A question answering research dataset of movie-related factoids
Movie QA Benchmarking Dataset

For one particular application of YodaQA, we want to enhance and speed up its capability to answer "noisy" questions on a structured knowledge base in a narrow domain. To start prototyping, we have chosen the "movies" domain.

To get started, we extracted movie-related questions from WebQuestions (http://nlp.stanford.edu/software/sempre/ - Berant et al., 2013, CC-BY) using the machinery in https://github.com/brmson/dataset-factoid-webquestions (we use the same JSON structure and scripts in this repo). This is the moviesB dataset.

The moviesC dataset also includes "mfb" questions which stand for "movie feedback", as reported by the YodaQA feedback tool when testing the YodaQA Movies engine by internet users (mainly interns of the eClub Prague foundation). The GoogleDocs2json.py script extracts the feedback data from a Google Docs spreadsheet.

We intend to follow up with even larger and better datasets, using next consecutive letters.

Using with YodaQA

YodaQA typically excepts datasets in a TSV format rather than JSON. (JSON collection reader in YodaQA is work-in-progress.) To get the data to TSV format, run

../dataset-factoid-webquestions/scripts/json2tsv.py moviesC train moviesC
../dataset-factoid-webquestions/scripts/json2tsv.py moviesC test moviesC

The dataset is called moviesA - the A letter represents our intention to develop it further. It is currently rather noisy, mixed with sports questions and not that large either.

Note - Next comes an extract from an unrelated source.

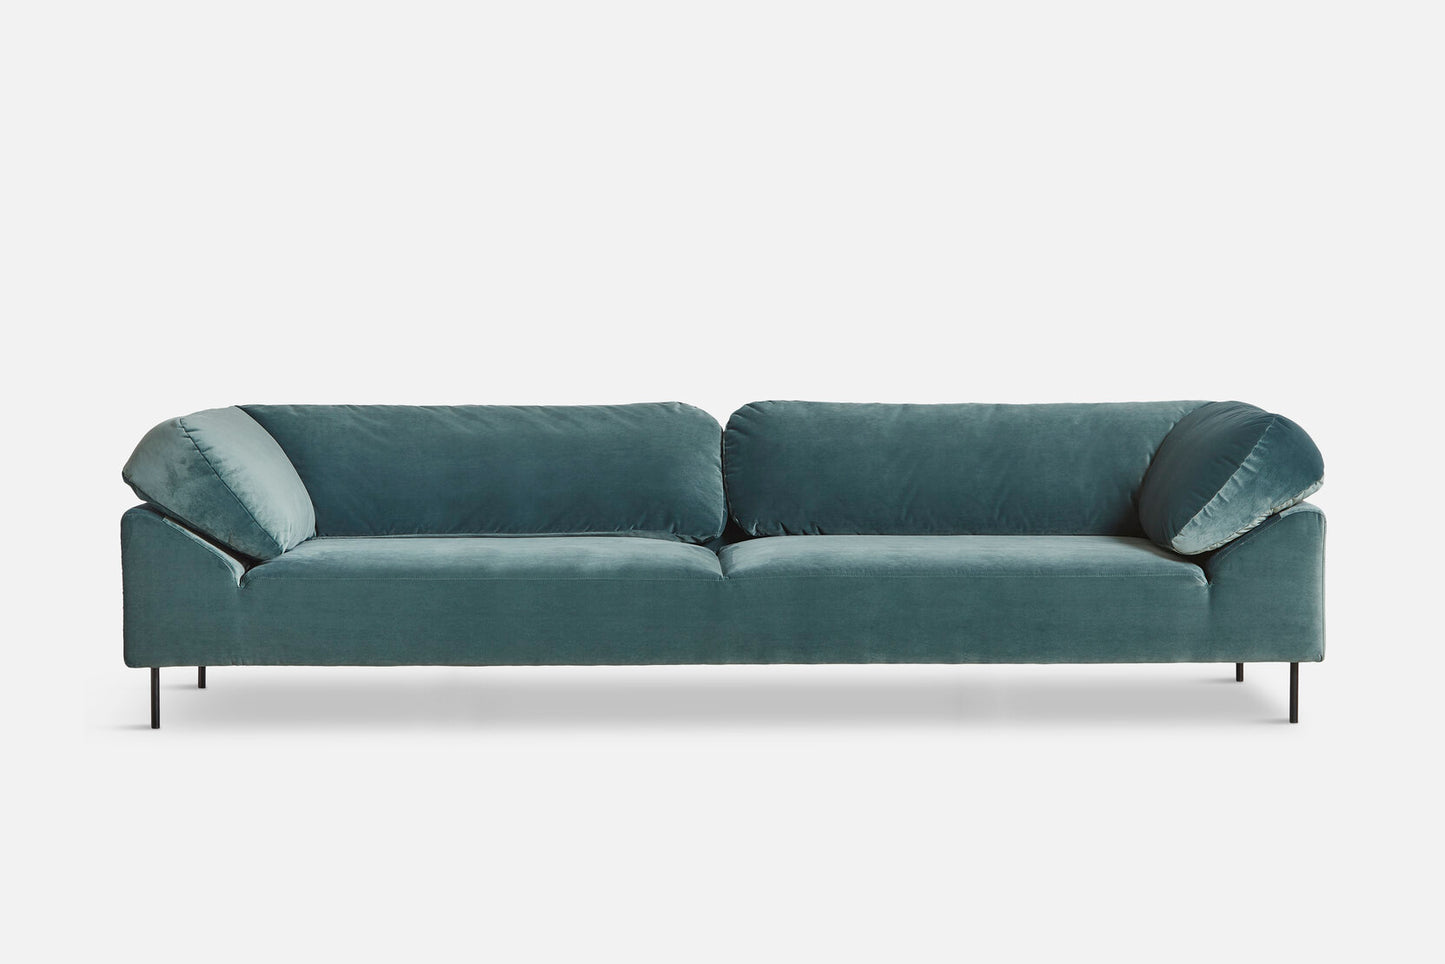 Collar 2, 2.5, & 3 Seat Sofa by Woud
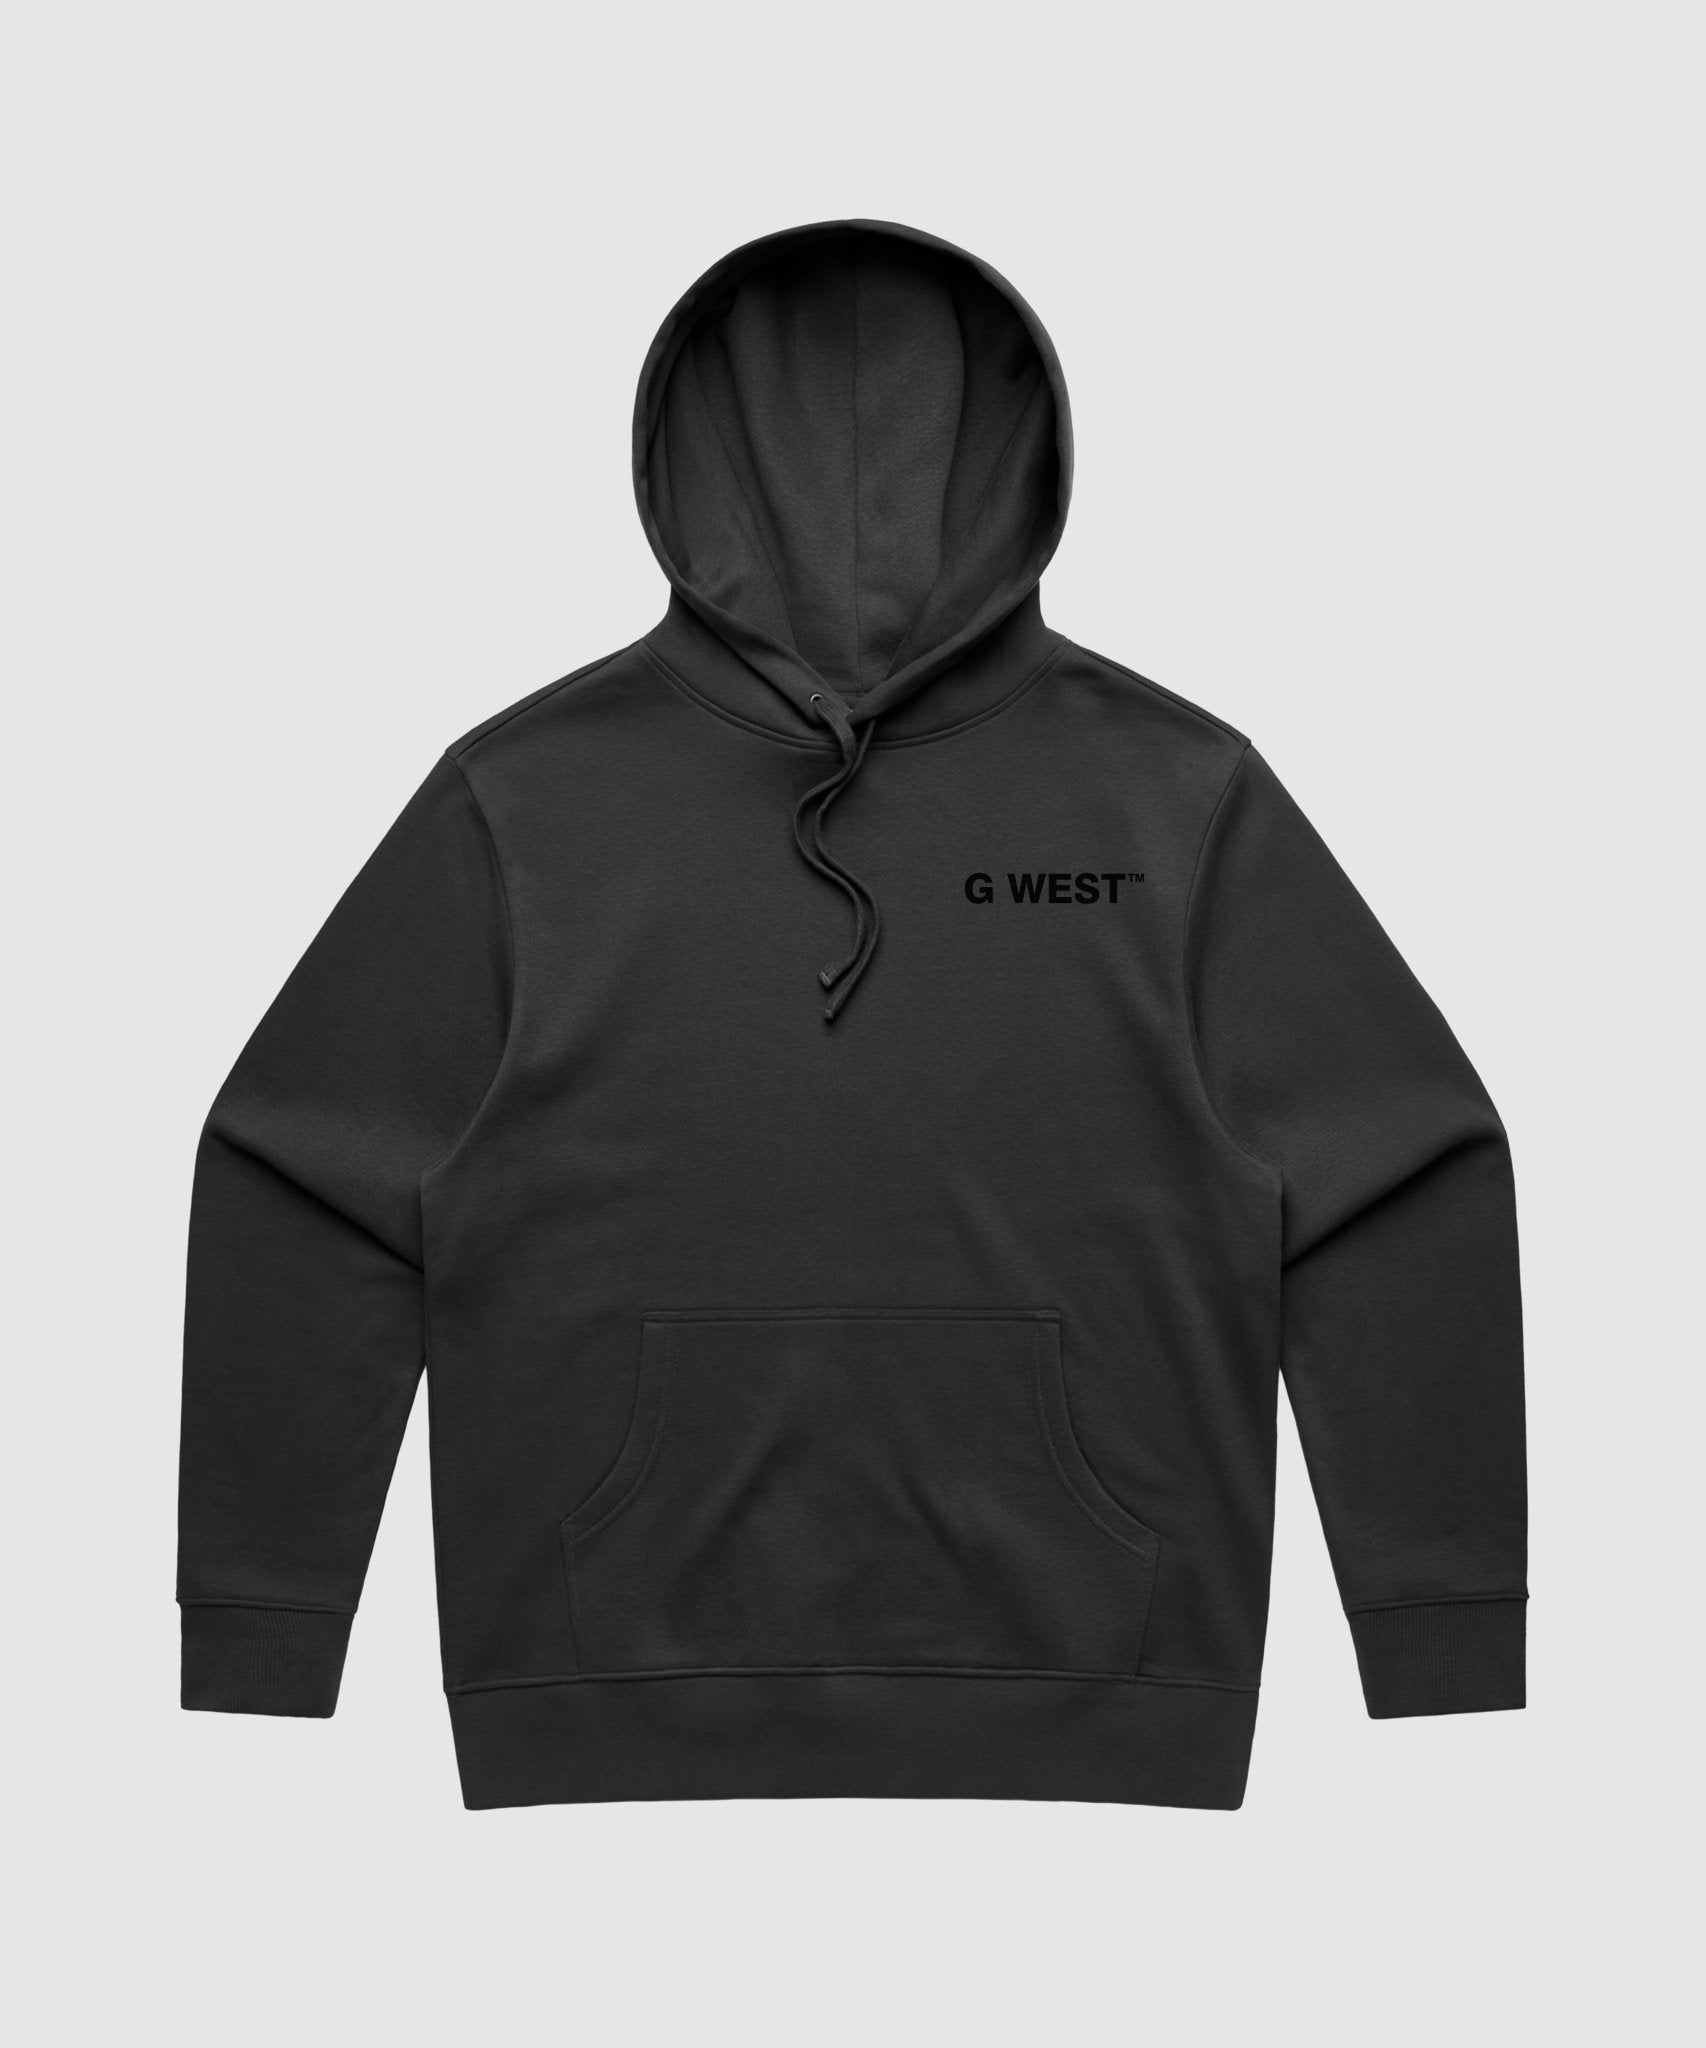 G WEST HOLOGRAPHIC CHAIN HEAVY PREMIUM HOODIE - 6 COLORS - G West

moviesC is a dataset created by merging the t-movies dataset (here named moviesB for reference) from https://github.com/brmson/dataset-factoid-webquestions/t-movies and public feedback in our 2 spreadsheets (downloaded 17.8.2015):



moviesD is an update of moviesC on 2015-10-19.

moviesE is an update of moviesD on 2015-12-10 and inclusion of synthetic questions gen v0.

moviesF is an update of moviesE on 2016-01-04 with a variety of bugs related to the synthetic questions fixed.

Licence and Acknowledgements

This dataset may be distributed under the terms of the CC-BY 4.0 licence. Work on this project has been supported in part by the Medialab foundation.